- Born: 1899 Bellair, Durban, Colony of Natal
- Died: 1996 (aged 96–97)
- Education: Royal College of Art Durban School of Art
- Occupation: Sculptor
- Notable work: Flower Sellers; the John Ross statue; architectural sculptures at Addington Children's Hospital
- Awards: Royal College scholarship

= Mary Stainbank =

South African sculptor (1899 - 1996)

Mary Agnes Stainbank (1899–1996) was a South African sculptor.

== Early life ==

Stainbank born in 1899 on the farm Coedmore in Bellair, Durban, Colony of Natal. She was educated at St. Anne's Diocesan College at Hilton, Colony of Natal. She trained at the Durban School of Art from 1916 to 1921 under John Adams and Alfred Martin, and from 1922 to 1924 at the Royal College of Art, London, under William Rothenstein and Frederick John Wilcoxson. She was awarded a Royal College scholarship in 1925 and studied bronze casting at an engineering firm in London.

== Working life ==

On her return to South Africa in 1926 she established a sculpture studio – Ezayo - on the Coedmore estate where, between 1926 and 1940, she produced her finest work. she was influenced by Eric Gill and Jacob Epstein.

Though credited with introducing a modern school of sculpture to South Africa during her early career, she was often criticized for her use of avant-garde images. Her choice of African subject matter and her use of sharp, angular forms and distortion of limbs to depict her subjects shocked the largely conservative viewers of the time, who were used to the romantic-realist style. As a result, her sculptures did not appeal to the buying public of the day. Many of her freestanding sculptures were shown during the 1930s at exhibitions organized by the Natal Society of Artists.

After service in a military drawing office during World War II she was appointed as head of the sculpture department at the Durban School of Art, where she lectured until 1957.

Though her work did not sell, she continued to create sculptures, which were housed in her studio at Coedmore. In the 1980s, a large body of these works went on display at the Old Parliament Buildings in Pietermartzburg. This collection was subsequently transferred to the Voortrekker/Msunduzi Museum in Pietermaritzburg. With the restructuring of that museum, the work was returned to the Stainbank family.

== Mary Stainbank Memorial Gallery ==

The Stainbank collection is generally regarded as the largest body of work by a single artist in South Africa to have remained intact. The collection is housed at the Mary Stainbank Memorial Gallery at Coedmore, the original Stainbank family estate, where the family settled in the 1880s.

== Works ==

During her career, Stainbank produced many portraits of the people who lived on the Coedmore estate as well as architectural commissions that she received. These include decorations on buildings, in Durban, such as the Children's Hospital at Addington Beach and the government offices in the CBD.

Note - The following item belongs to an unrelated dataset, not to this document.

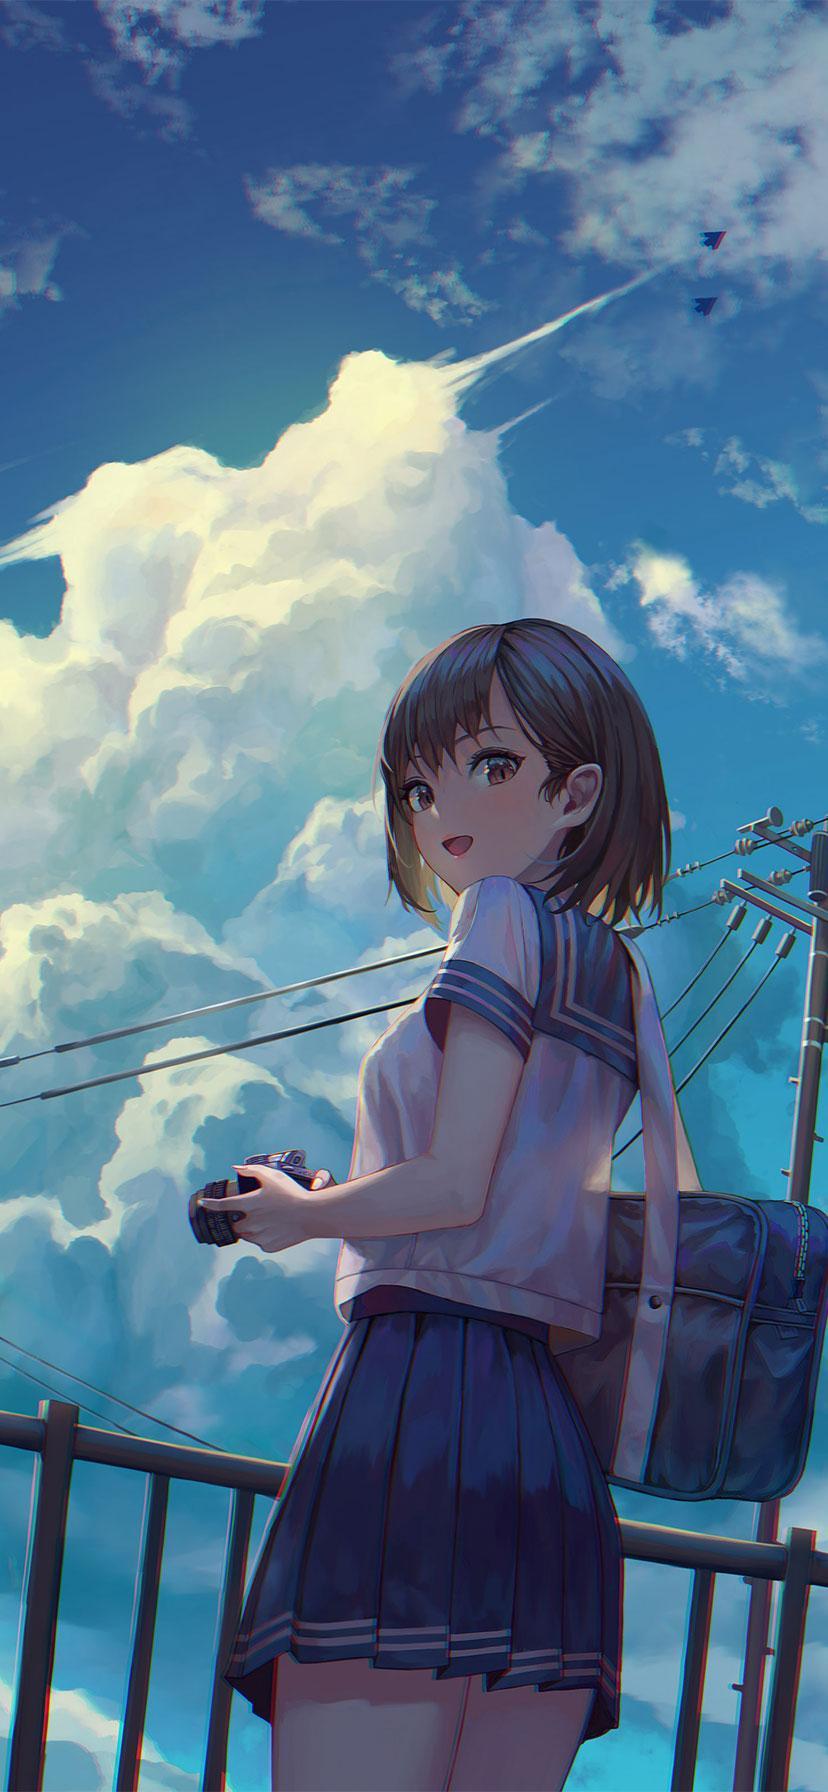 Anime Girl 2019 Wallpapers Wallpaper Cave
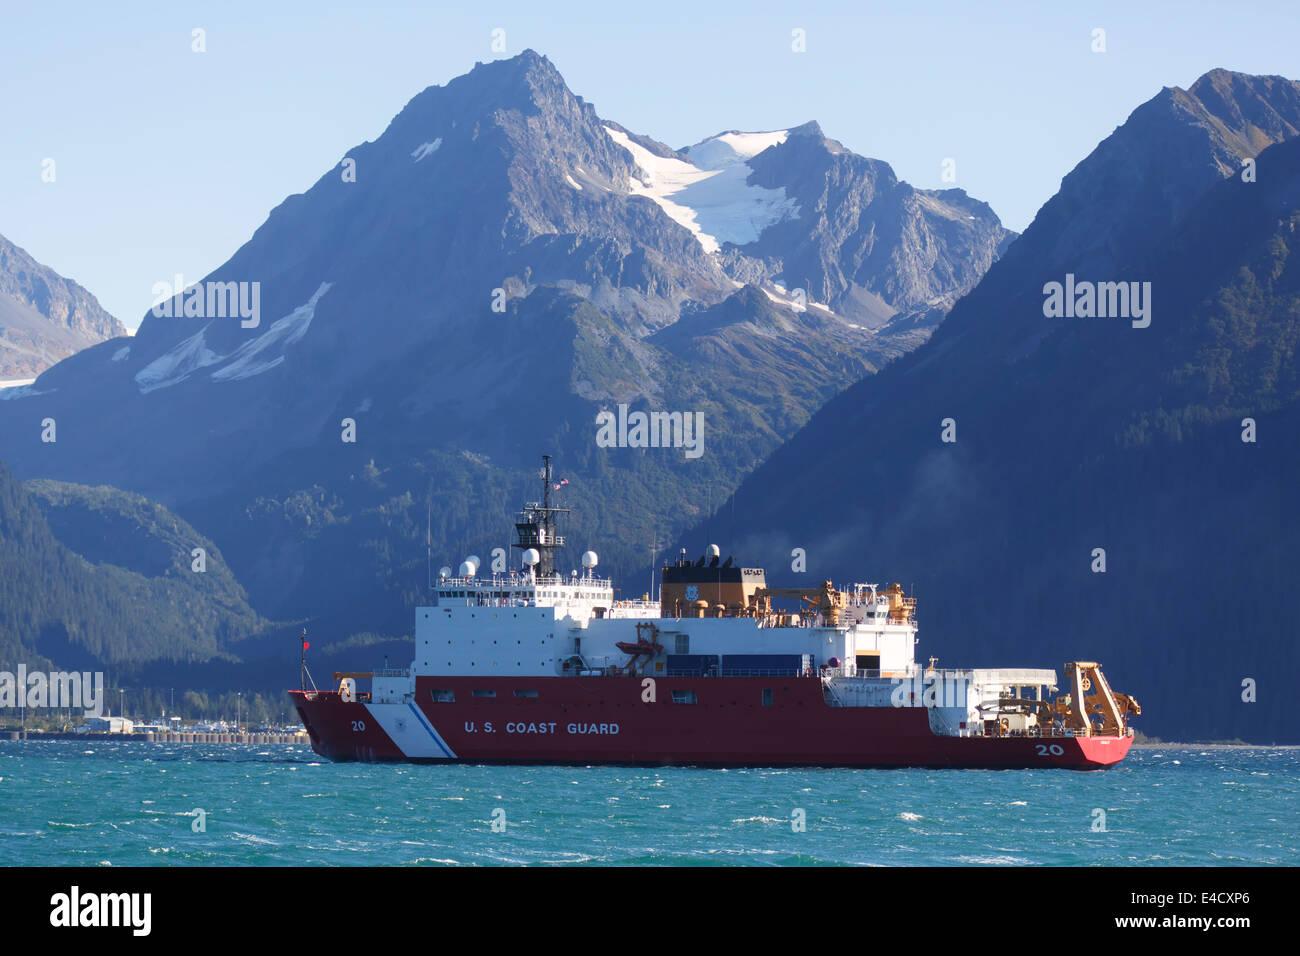 Coast Guard ship Healy, Resurrection Bay, Seward, Alaska. - Stock Image

Her many public sculptures in Durban include the Flower Sellers; her gargoyle-like figures on the old Receiver of Revenue building; the pediments and ceramics at the old Addington Children's Hospital and the bronze sculpture of John Ross standing on Durban's Victoria Embankment. The reredos in the church of All Saints Maidstone was done by Stainbank. She designed the Springbok trophy for the South African Polo Association and produced the architectural decorations for the Port Elizabeth Magistrates' Court.